* Instructions for the task:
Reproduce the records exactly, but not the pictures.

* Extracted records:
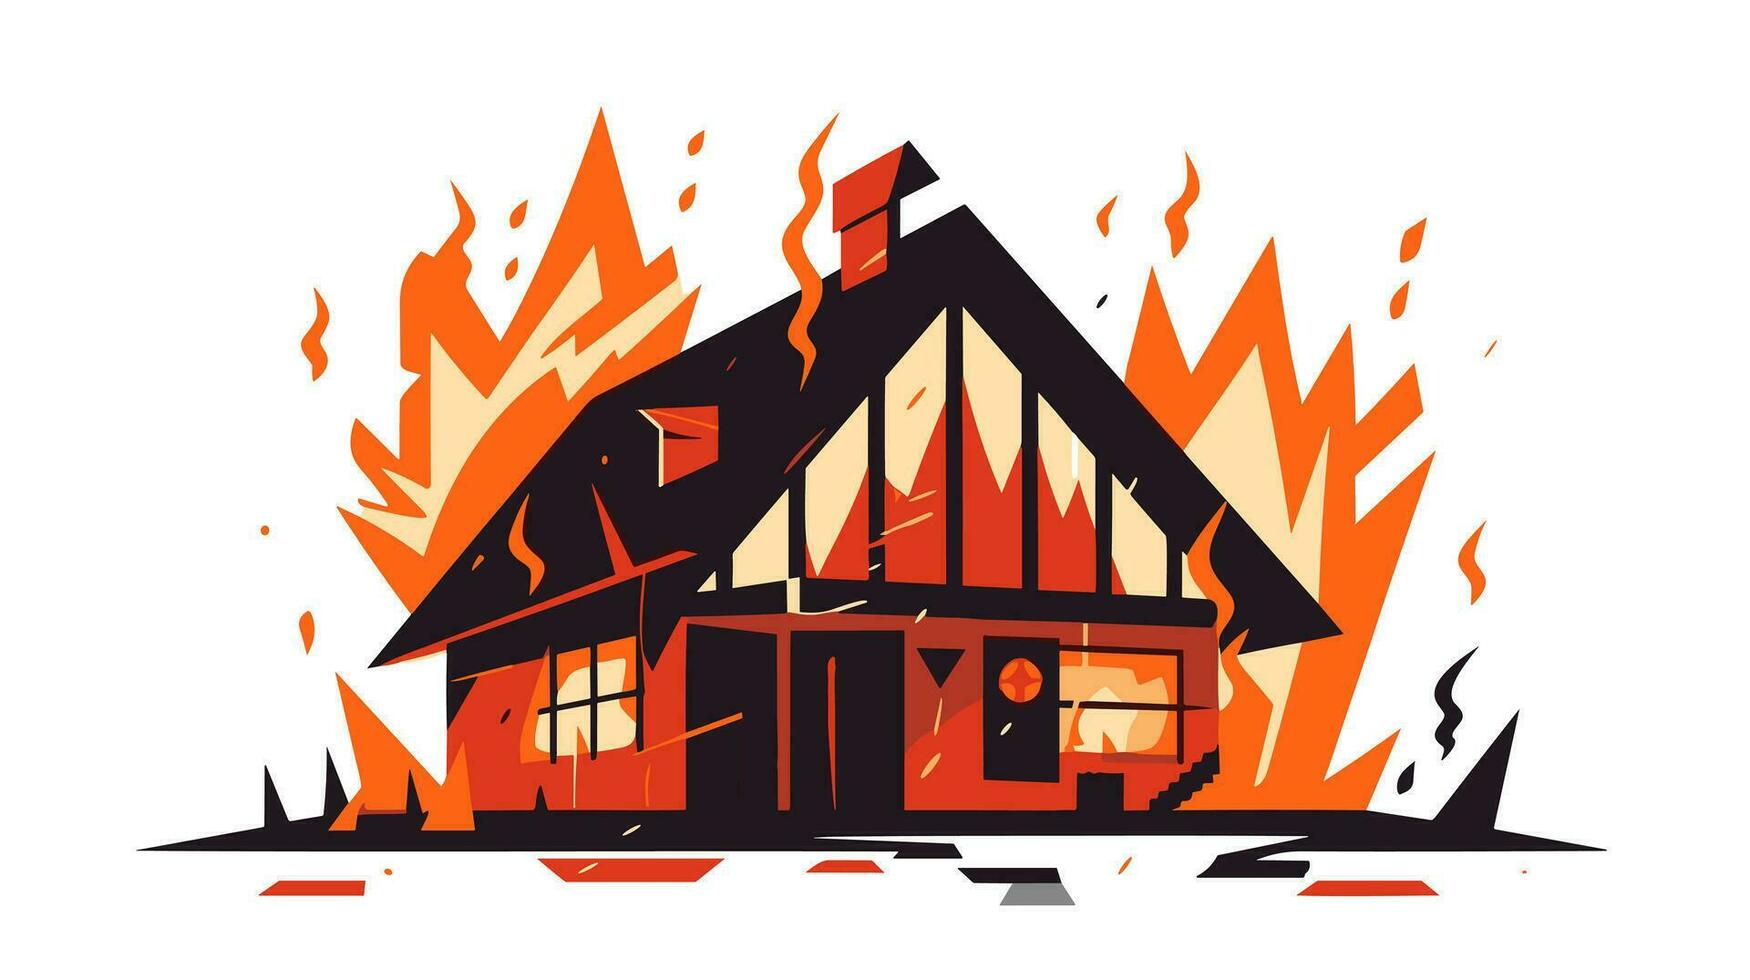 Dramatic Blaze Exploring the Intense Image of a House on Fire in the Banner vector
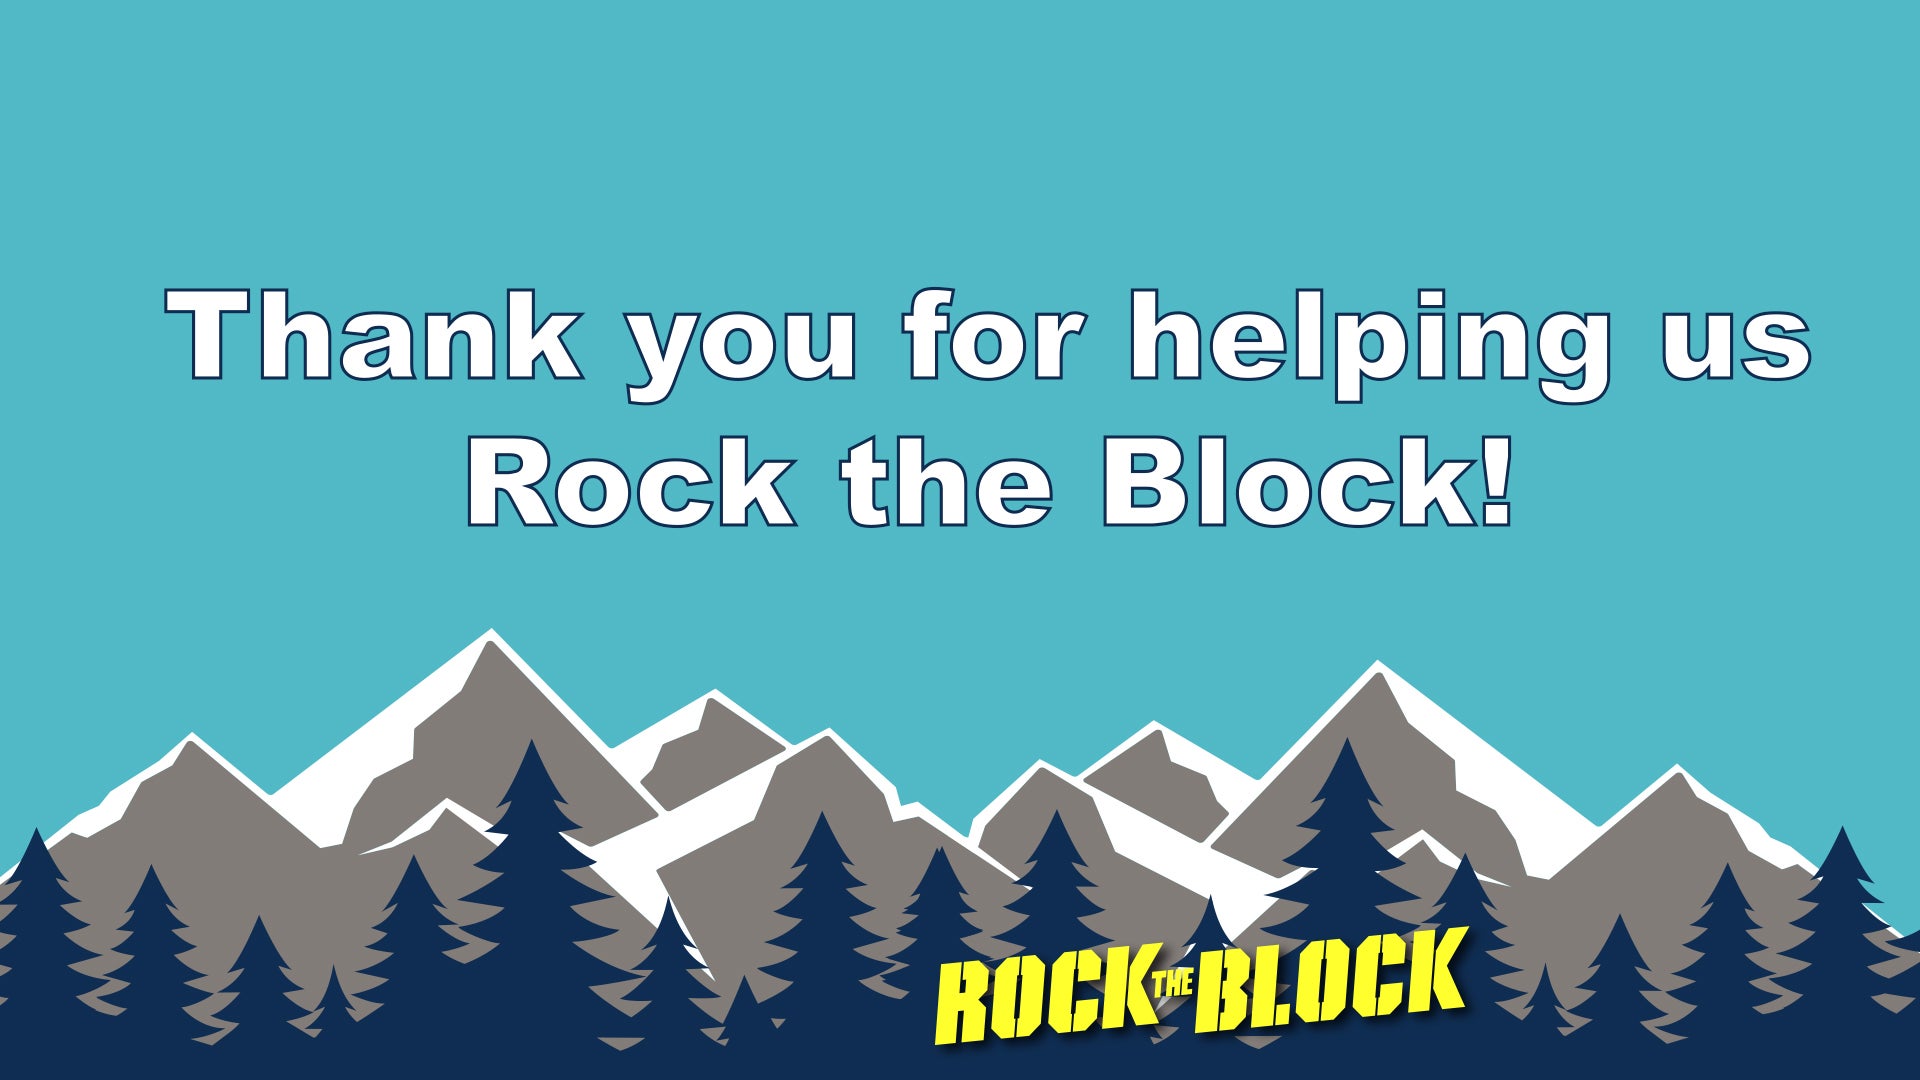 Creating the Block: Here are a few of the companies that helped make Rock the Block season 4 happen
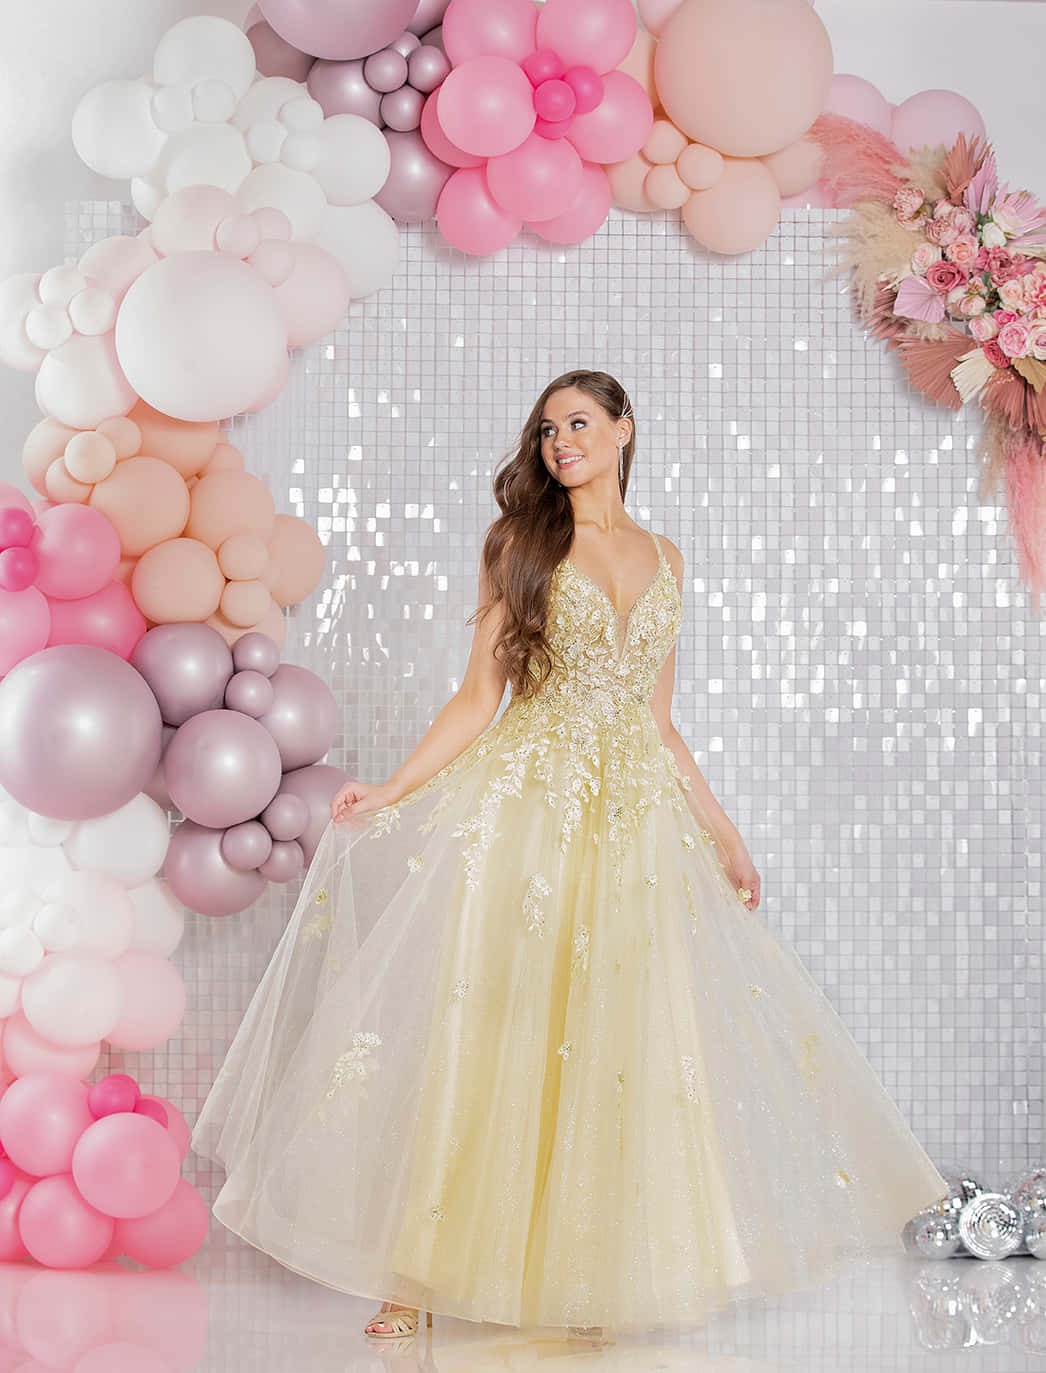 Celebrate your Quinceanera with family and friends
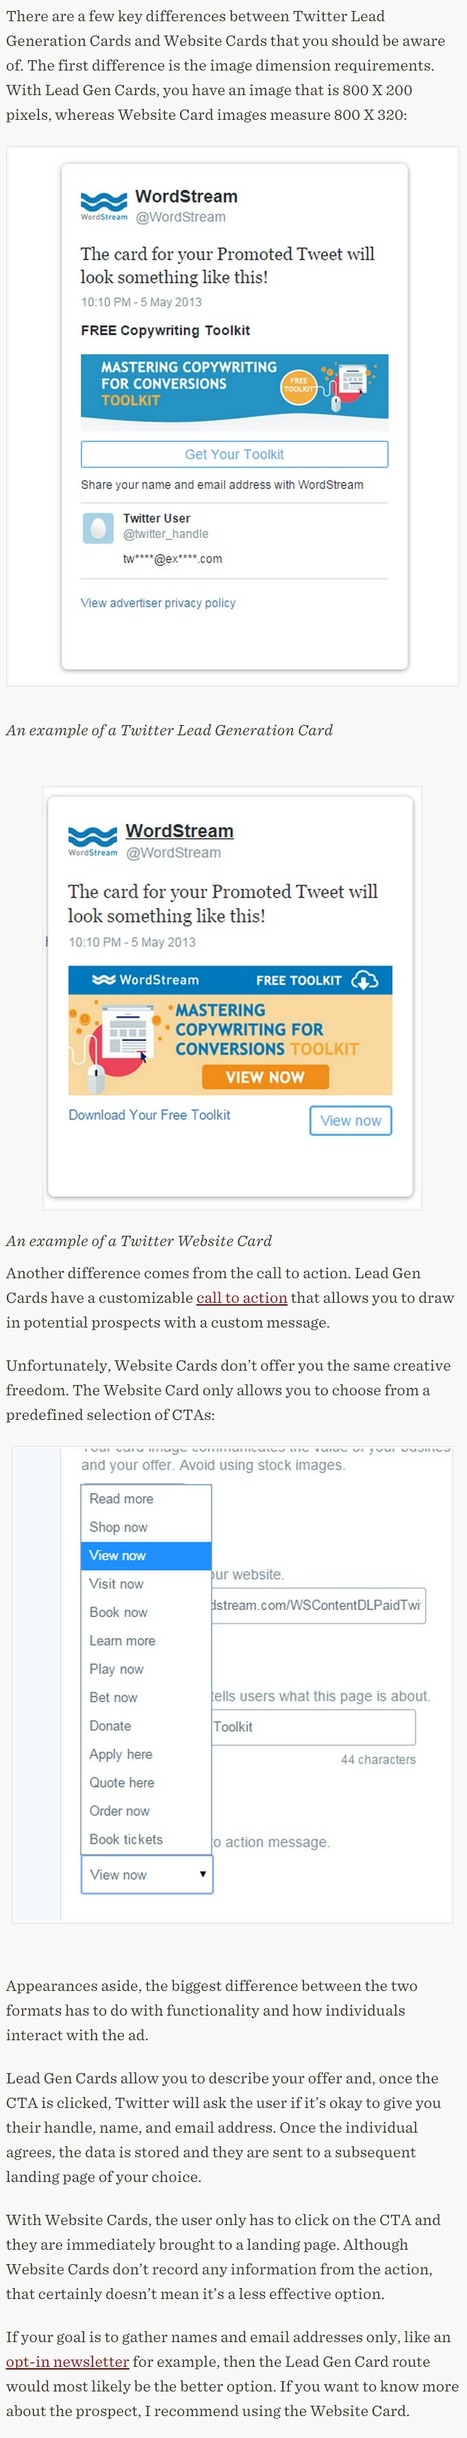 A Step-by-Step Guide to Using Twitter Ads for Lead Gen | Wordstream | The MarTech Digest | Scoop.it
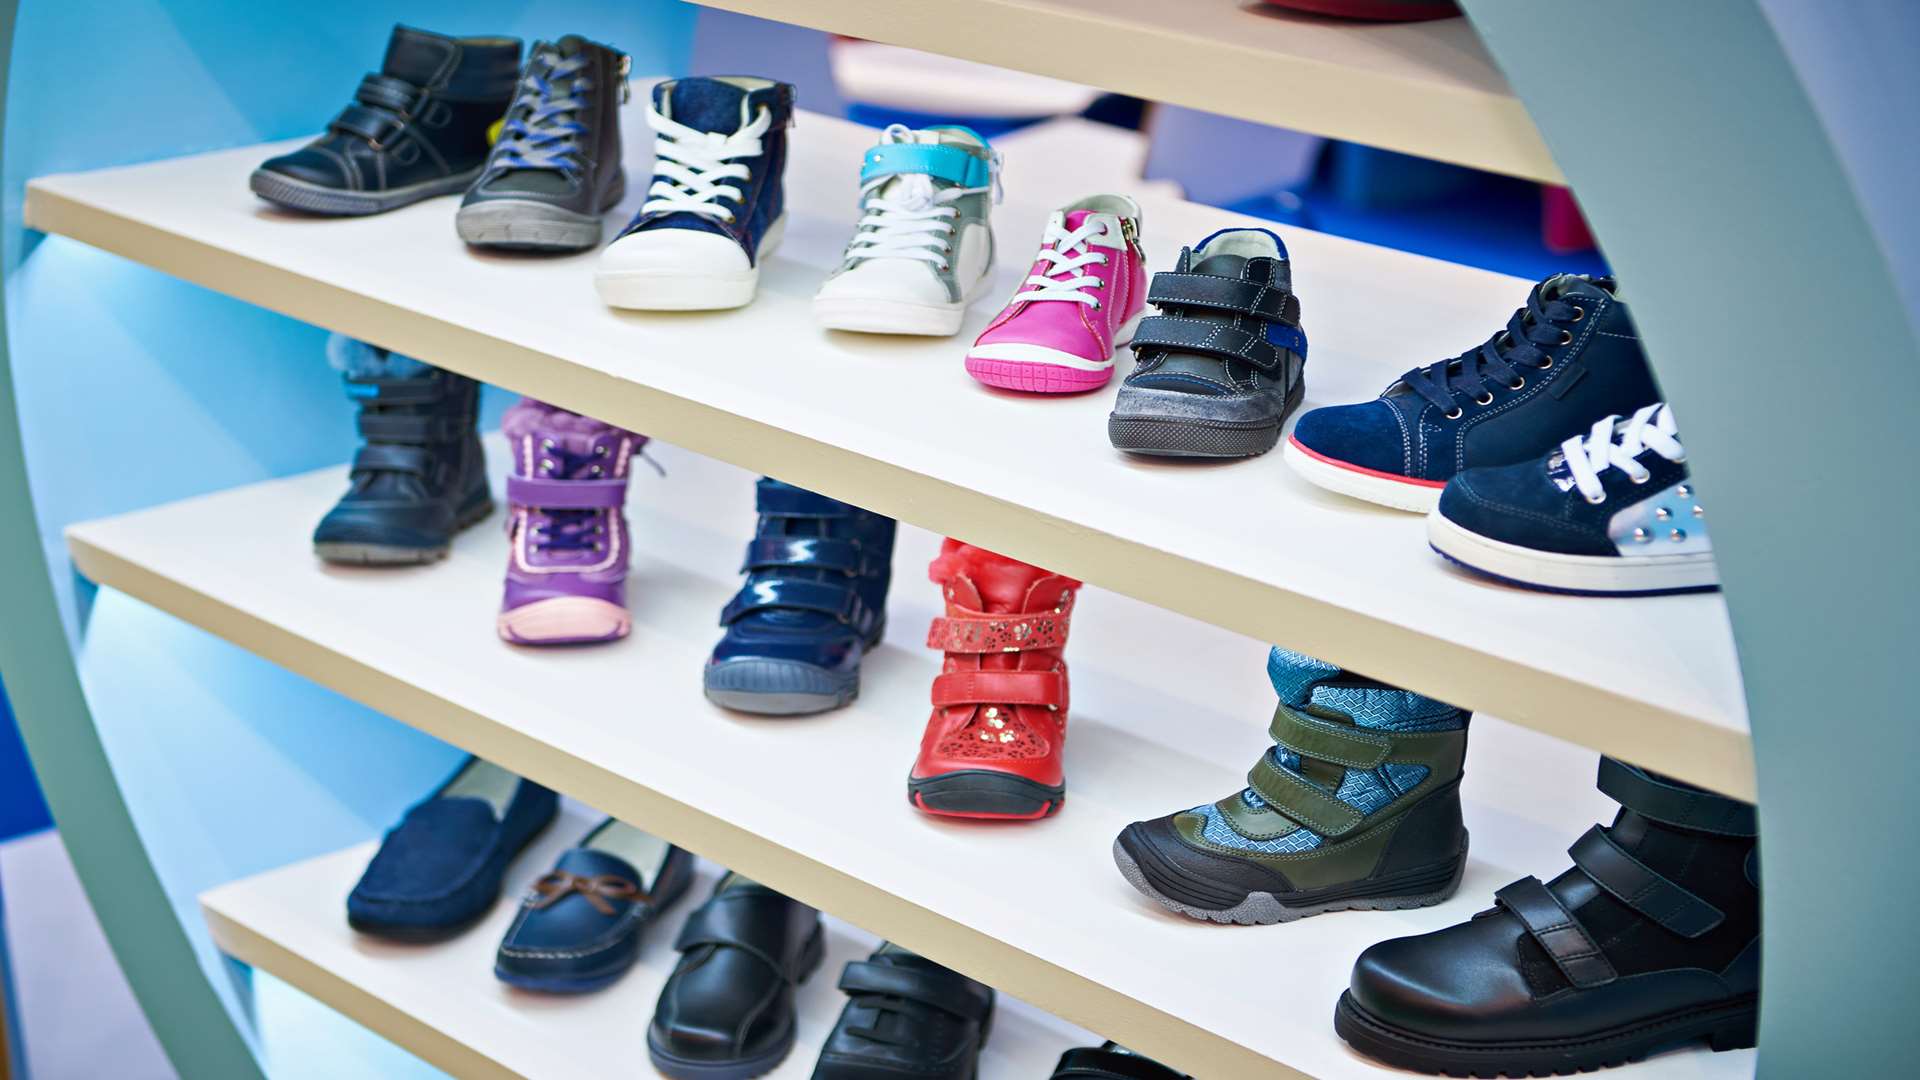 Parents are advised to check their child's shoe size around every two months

* Your solution:
 Dramatic Blaze Exploring the Intense Image of a House on Fire in the Banner vector
 Creating the Block: Here are a few of the companies that helped make Rock the Block season 4 happen
 Celebrate your Quinceanera with family and friends
 A Step-by-Step Guide to Using Twitter Ads for Lead Gen | Wordstream | The MarTech Digest | Scoop.it
 Parents are advised to check their child's shoe size around every two months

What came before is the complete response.